Light-induced photonic lattices have recently emerged as another application of the discrete NLS equation. The refractive index of the nonlinear photonic lattices changes periodically due to a grid of strong beams, while a weaker probe beam is used to monitor the localized modes (discrete solitons). A number of promising experimental studies of discrete solitons in light-induced photonic lattices was reported recently in physics literature.

An array of Bose-Einstein condensate droplets trapped in a strong optical lattice with thousands of atoms in each droplet, is another direct physical realization of the discrete NLS equation. In this context, the model can be derived systematically by using the Wannier function expansions. Besides applications to optical waveguides, photonic crystal lattices, and Bose-Einstein condensates trapped in optical lattices, the discrete NLS equation also arises as the envelope wave reduction of the general nonlinear Klein-Gordon lattices.
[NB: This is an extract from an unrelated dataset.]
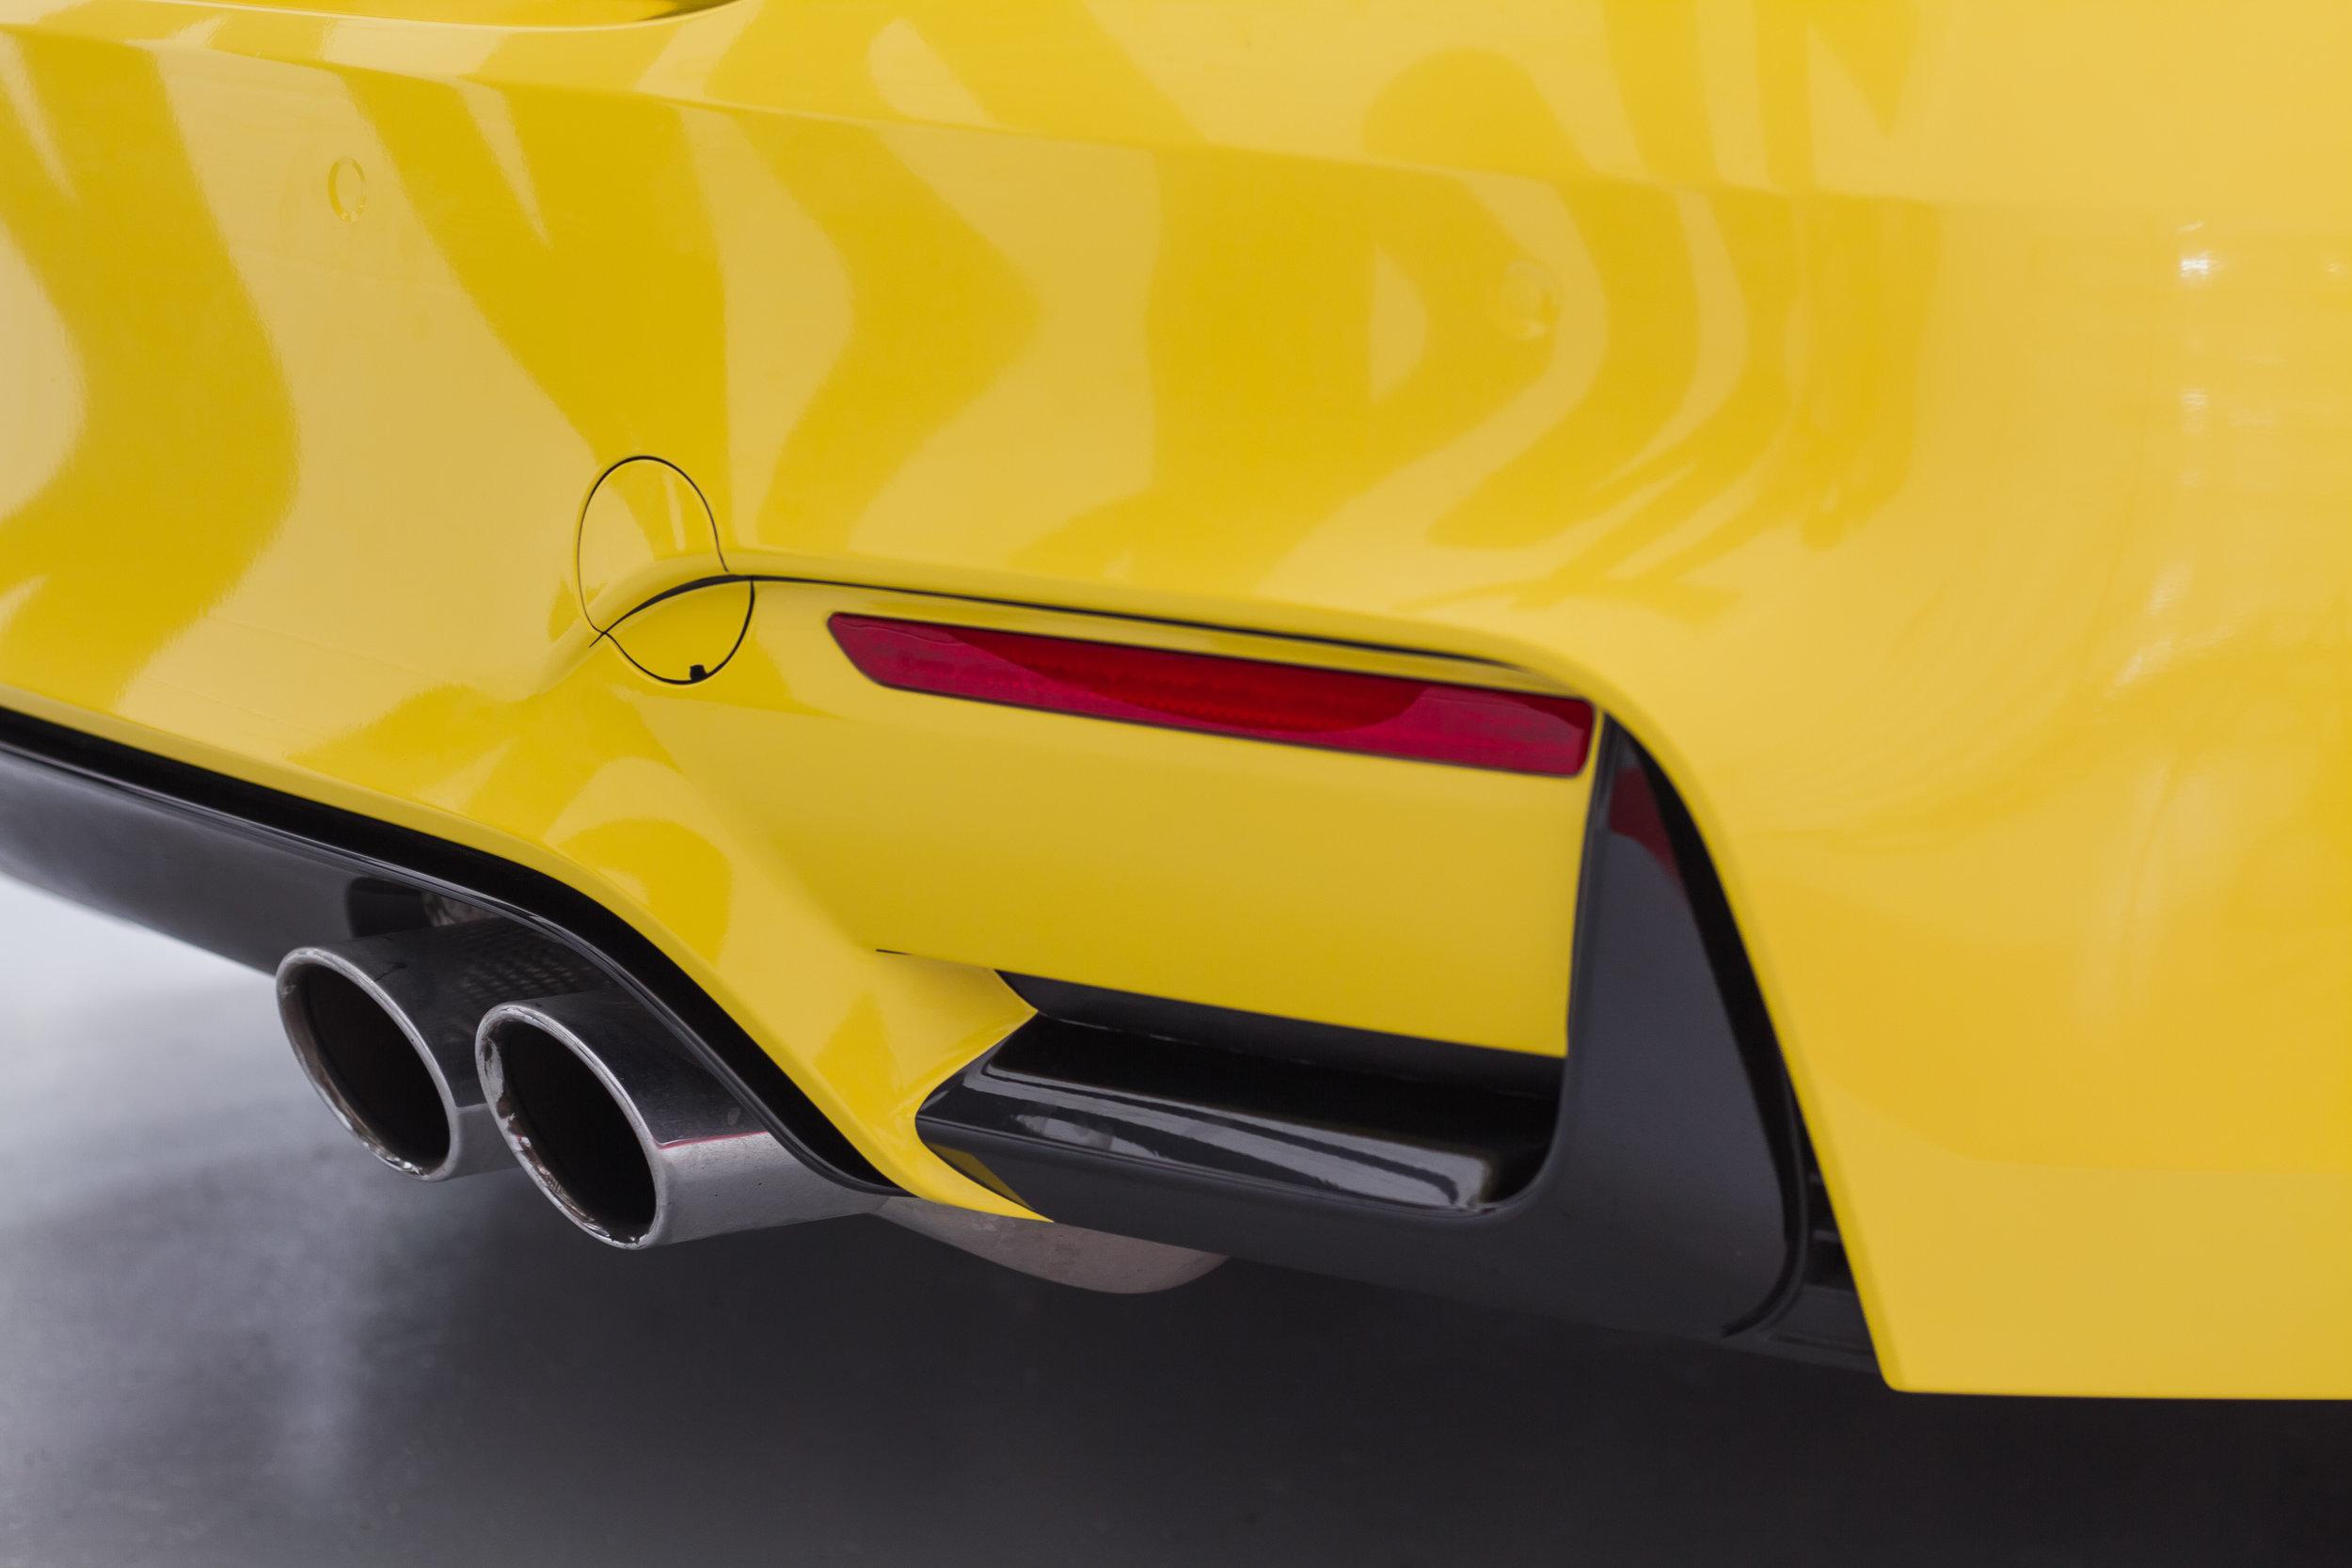 BMW M4 back bumper grill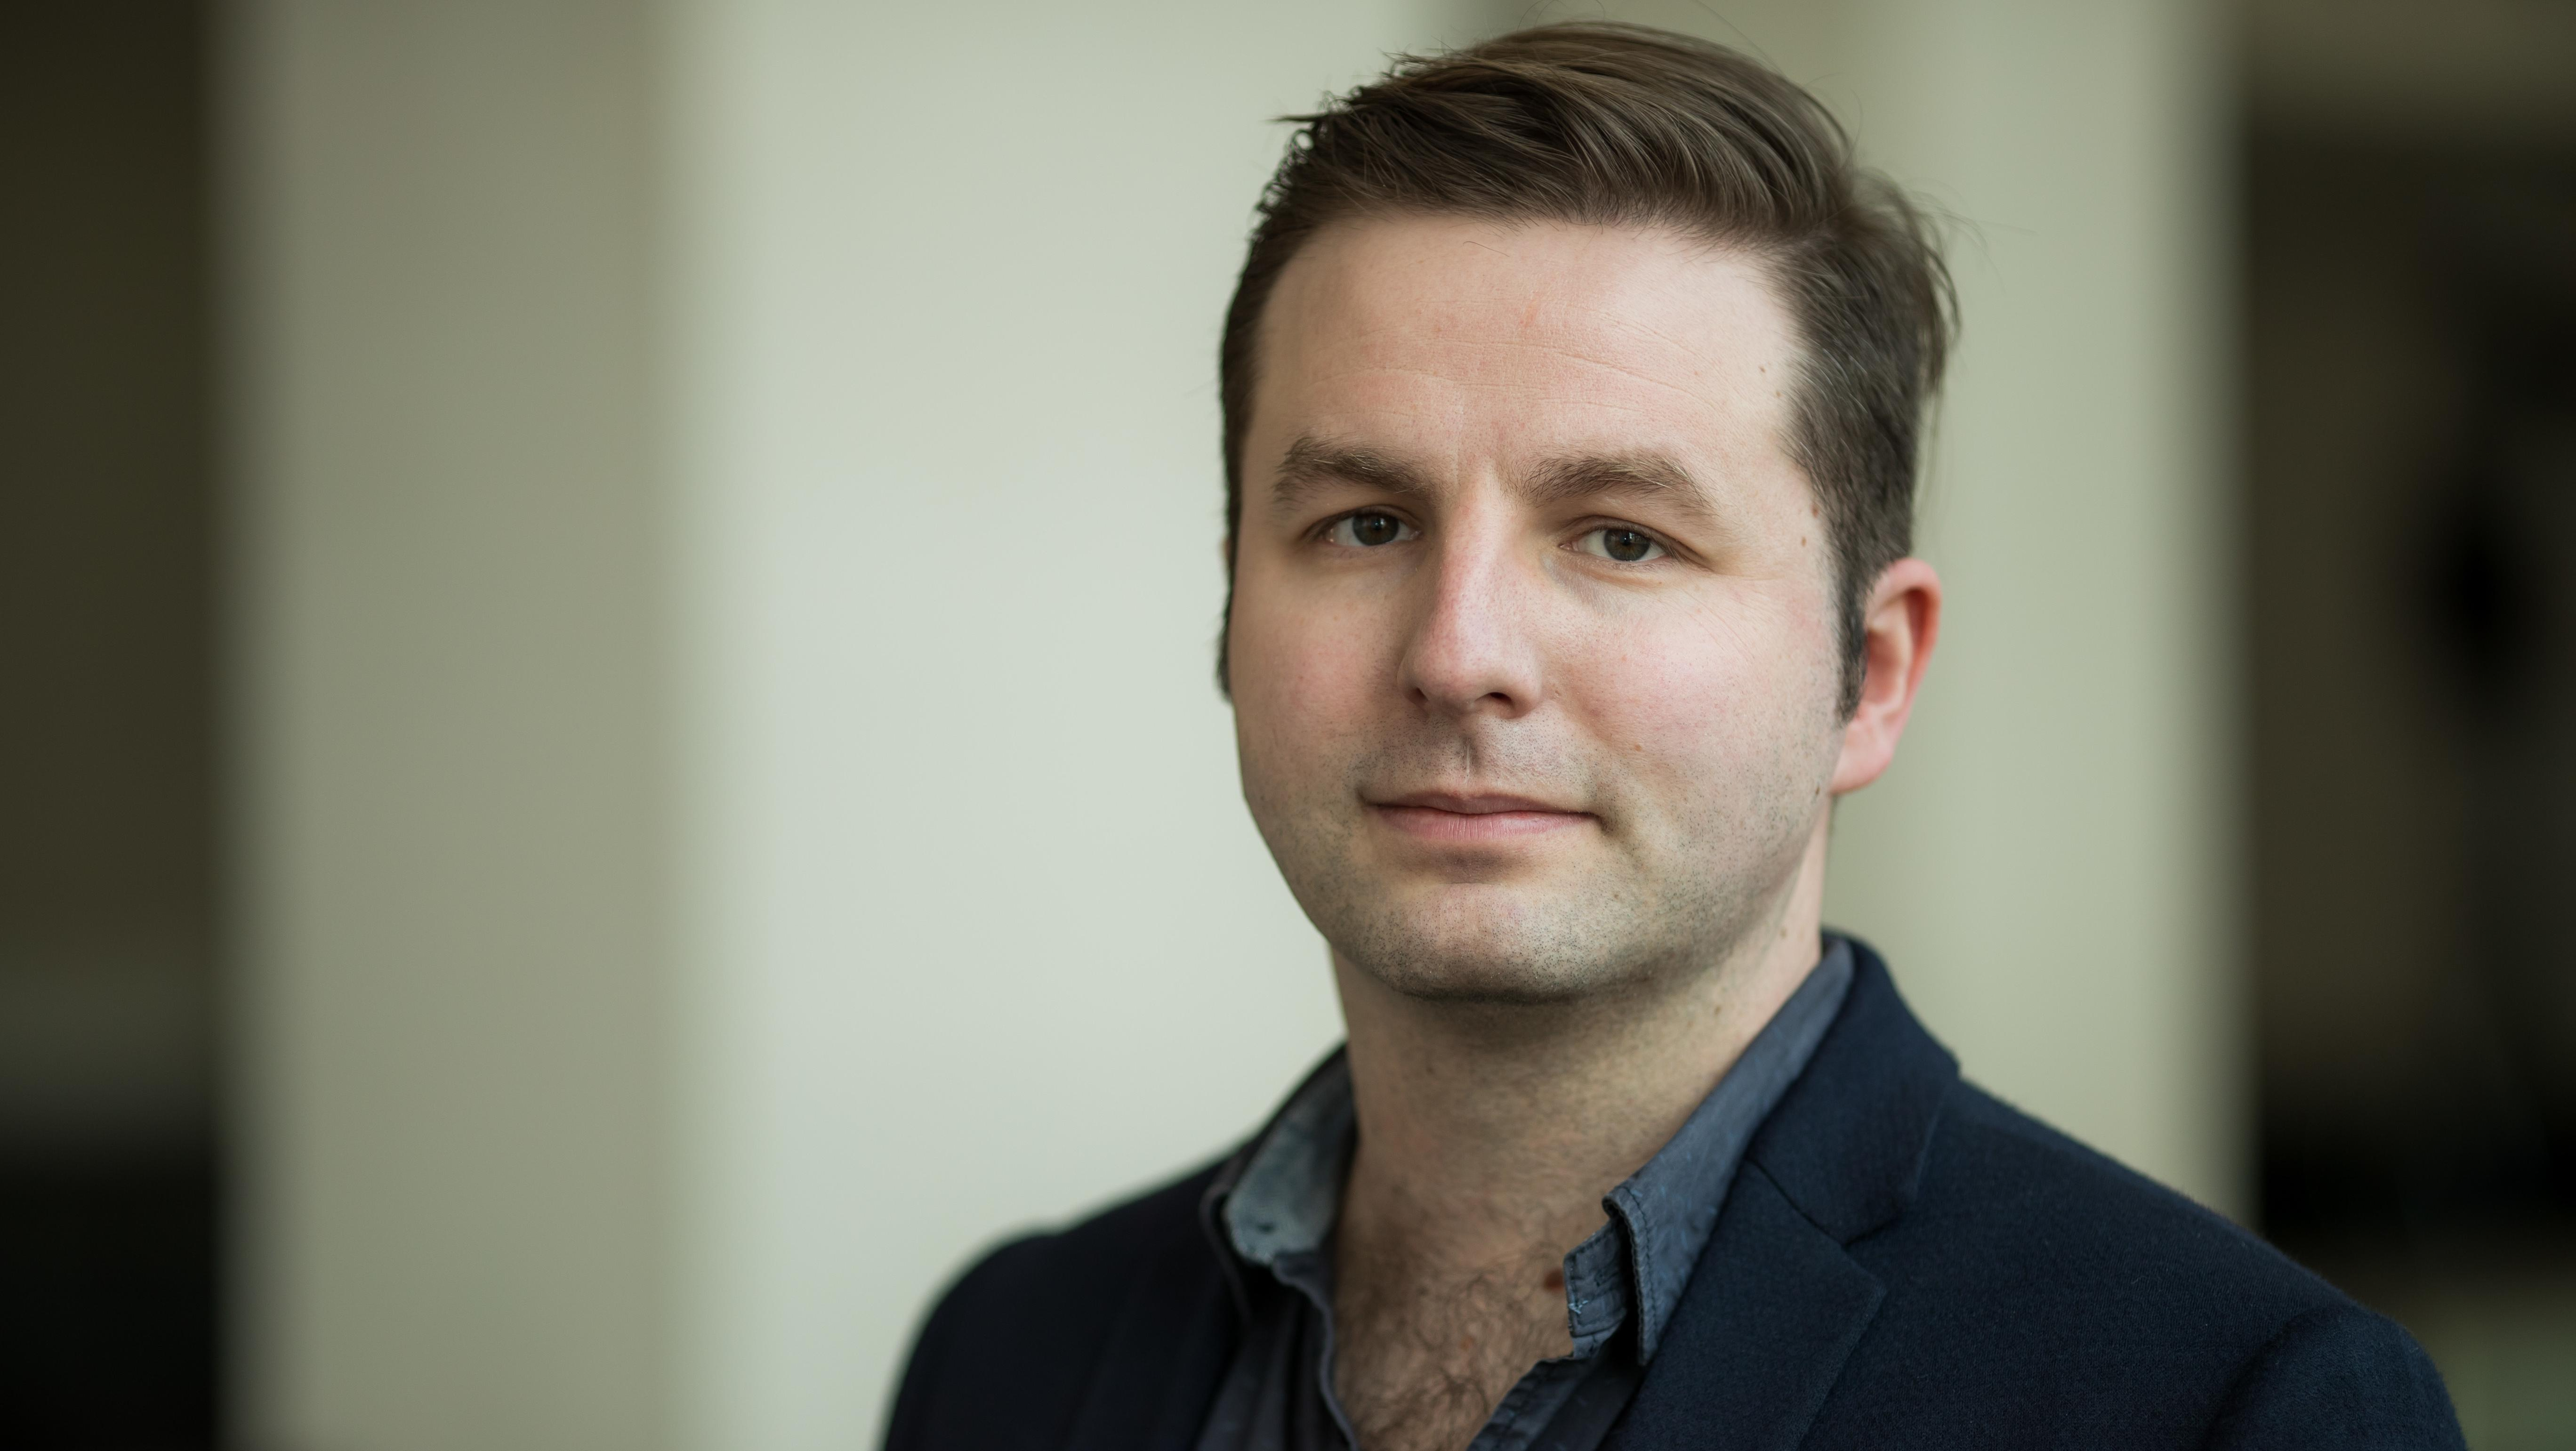 Schauspieldirektor Jan-Philipp Gloger

The physically relevant applications clearly signal the importance of discrete solitons and vortices in two-dimensional discrete lattices. However, most of the above mentioned works are predominantly of experimental or numerical nature, while the mathematical theory of existence and stability of discrete localized structures has not been developed to a similar extent. It is now the time to create new methods of analysis of discrete lattices, based on Lyapunov-Schmidt reductions, central manifold analysis, normal forms, and beyond-all-order persistence analysis.